In FIG. 4, the details of an attendance transaction acknowledgment (an “acknowledgment”) 315 are exemplified. Information such as the student number, student name, arrival or departure time, billing information, and multiple fields of text information may be part of the acknowledgment. The acknowledgment can also be used to advise a guardian of a late charge due to late pickup. For example, if the child should have been picked up by 6 pm but the parent arrives at 6:15, the acknowledgment is a record of the late pickup time and it can be used to calculate a late charge. Continuing this example, if the school charges a dollar per minute for late pick-up, the acknowledgment may show a late charge of $15. It should also be understood that the sign in system may communicate with the billing system in order to facilitate billing, and in that respect, a duplicate acknowledgment can be printed out in case the parent contests the late charge.
An acknowledgment may also serve as a means of documenting communication between a parent and a school administrator, teacher, or other responsible party acting on behalf of the school (collectively, the ‘teacher’). For example, before the ticket is created, the guardian may be prompted to enter information that he or she wishes to communicate to the teacher. After such information is entered, the ticket can be printed along with the information. There are a variety of uses for this, including the communication of special dietary instructions or medicinal requirements or other issues that the guardian wants the teacher to be aware of.
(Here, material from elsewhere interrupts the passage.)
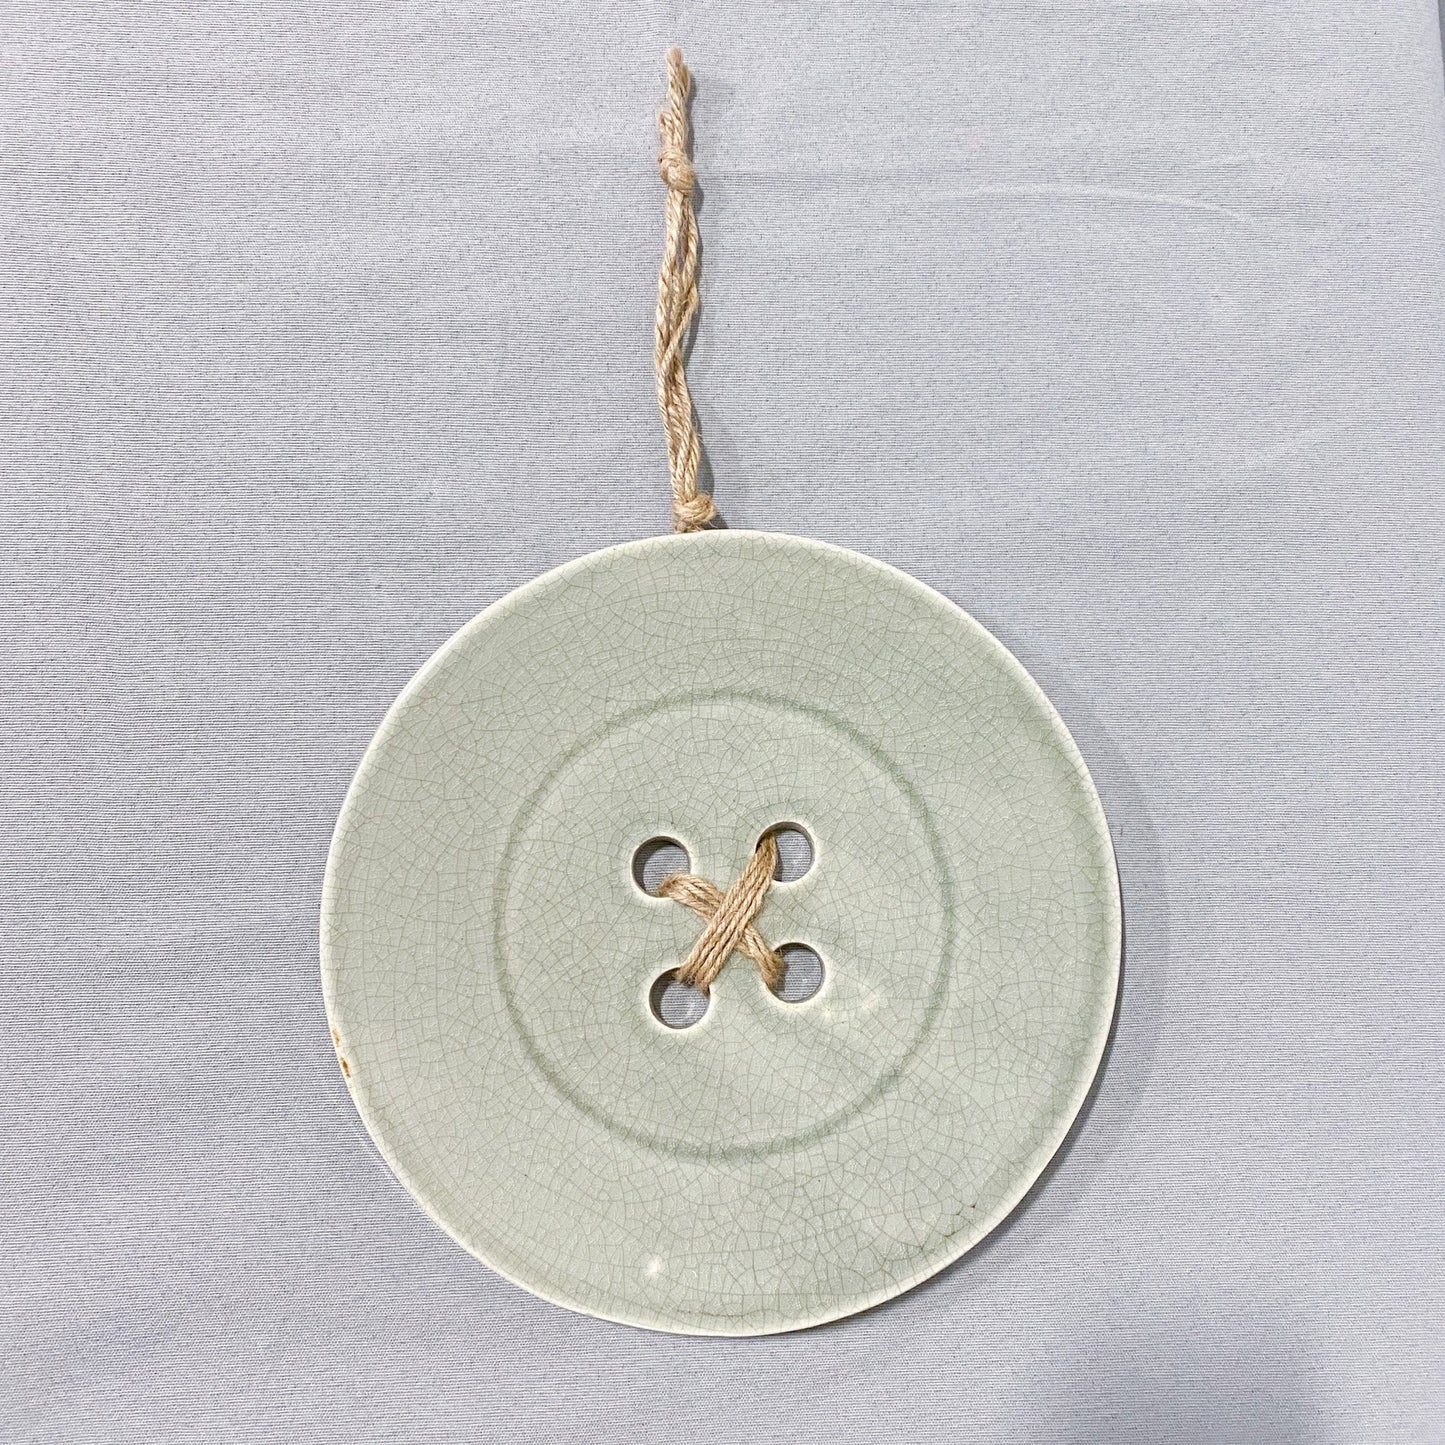 Ceramic Button Wall Decor

Another aspect of the present invention is the capability to send a rapid notification 317 to the guardian(s) of every student checked into school or even a subset of all of the students. This can be especially useful if an emergency situation arises such as an earthquake, a tornado, or a blizzard.
The teacher 320 may print out the acknowledgment 315 on her printer 325 and she may turn this into the school administration. Alternatively, the teacher may have received an electronic acknowledgement that is also stored for purposes of maintaining the school records.
Thus, specific embodiments and applications of the inventive concept have been disclosed. It should be apparent, however, to those skilled in the art that many more modifications besides those already described are possible without departing from the inventive concepts herein. The inventive subject matter, therefore, is not to be restricted. Moreover, in interpreting both the specification and the claims, all terms should be interpreted in the broadest possible manner consistent with the context. In particular, the terms “comprises” and “comprising” should be interpreted as referring to elements, components, or steps in a non-exclusive manner, indicating that the referenced elements, components, or steps may be present, or utilized, or combined with other elements, components, or steps that are not expressly referenced.